PROMPT >> The entries below contain pictures. Write out only the lines from the line with "Tõhus kaevamine on" up to and including the line with "SNSをビジネス活用するための本質的な運用方法", exactly, without them.

EXERCISE DATA >>
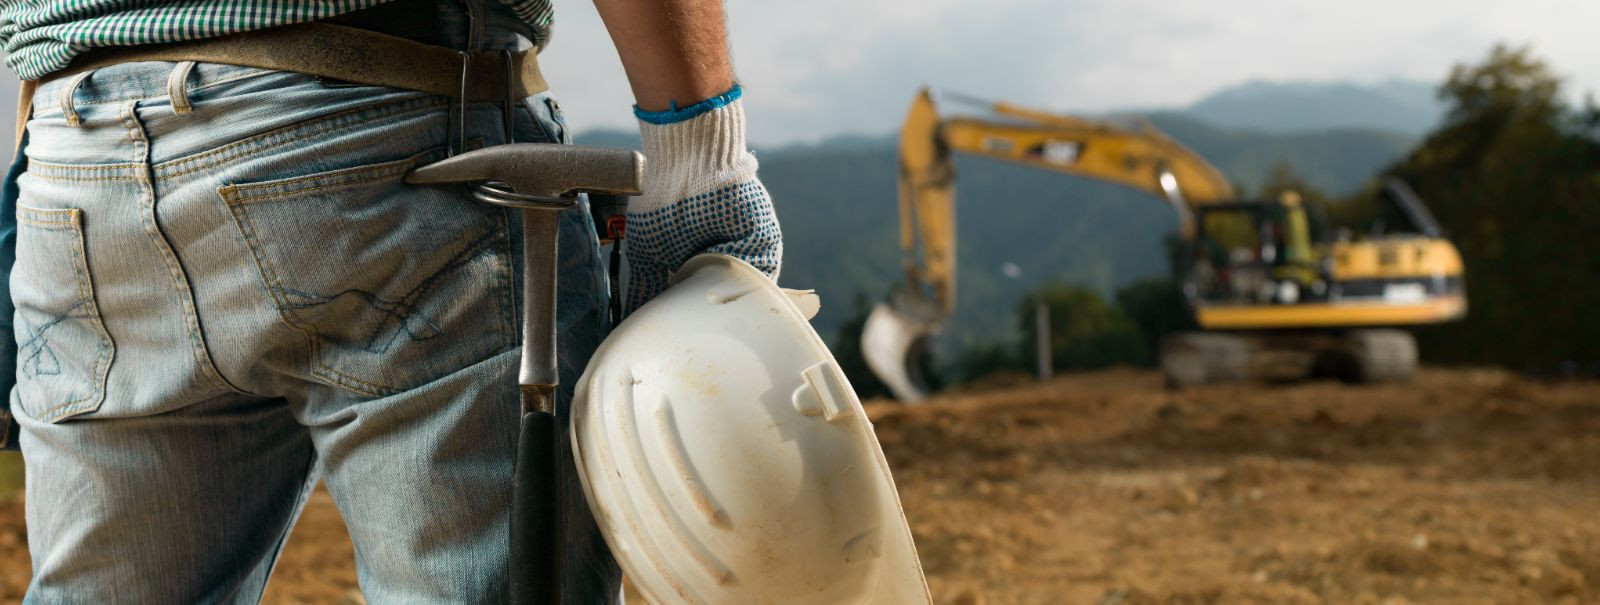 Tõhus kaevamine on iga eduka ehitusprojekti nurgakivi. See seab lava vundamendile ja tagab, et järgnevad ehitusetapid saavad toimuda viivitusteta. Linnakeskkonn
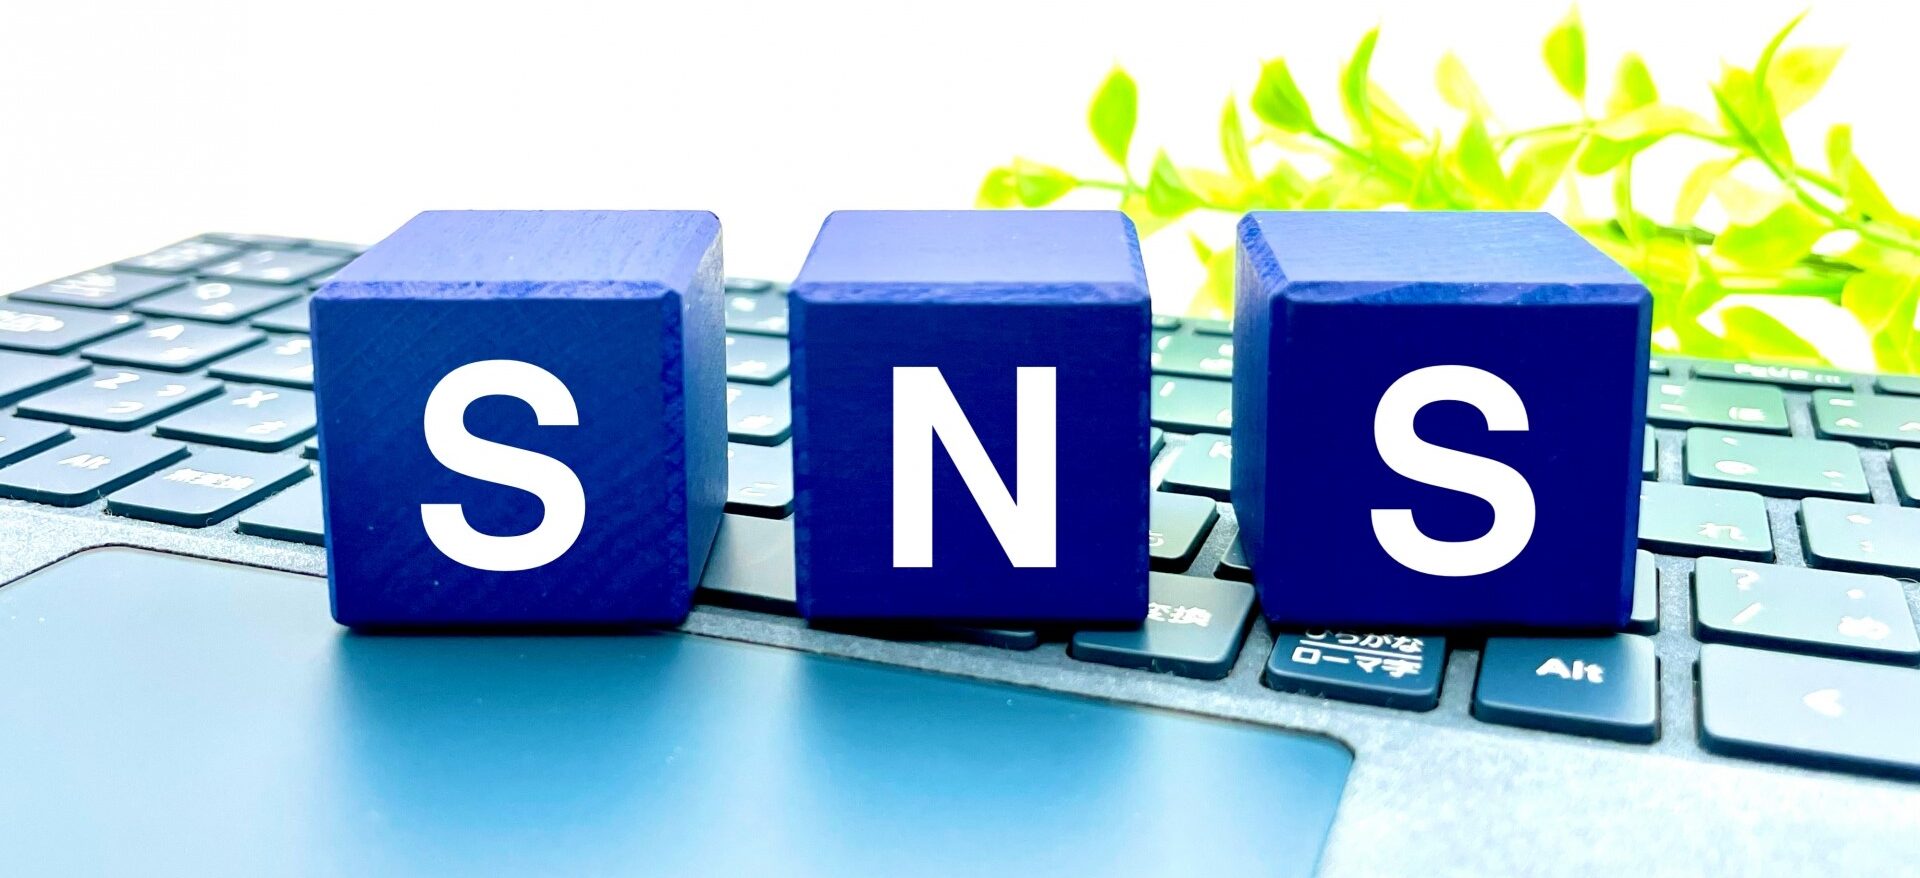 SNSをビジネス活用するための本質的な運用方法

--

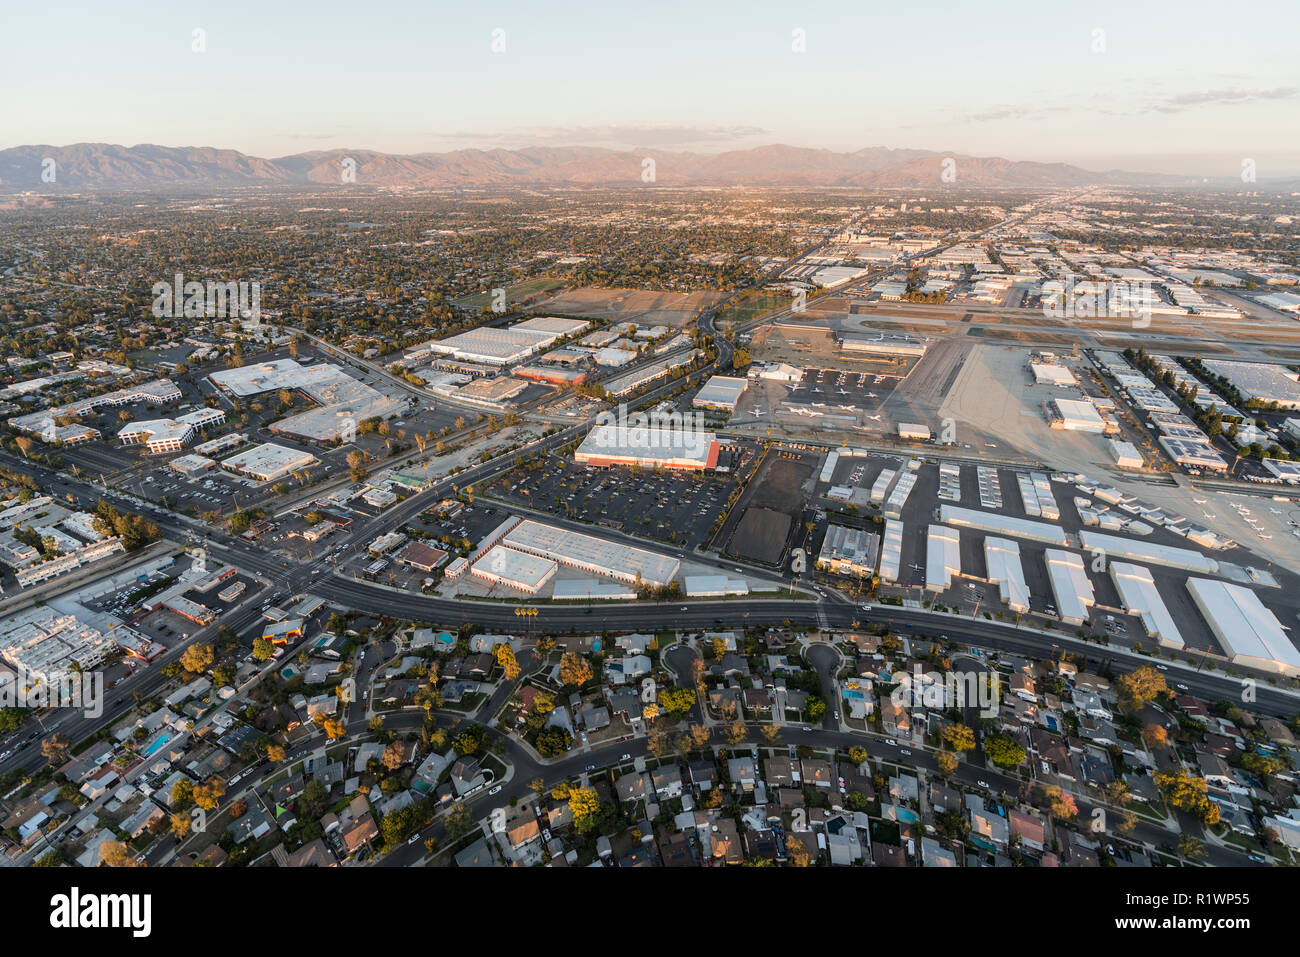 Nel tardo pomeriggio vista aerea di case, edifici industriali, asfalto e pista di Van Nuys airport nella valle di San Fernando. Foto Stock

SOLUTION TO THIS EXERCISE >>
 Tõhus kaevamine on iga eduka ehitusprojekti nurgakivi. See seab lava vundamendile ja tagab, et järgnevad ehitusetapid saavad toimuda viivitusteta. Linnakeskkonn
 SNSをビジネス活用するための本質的な運用方法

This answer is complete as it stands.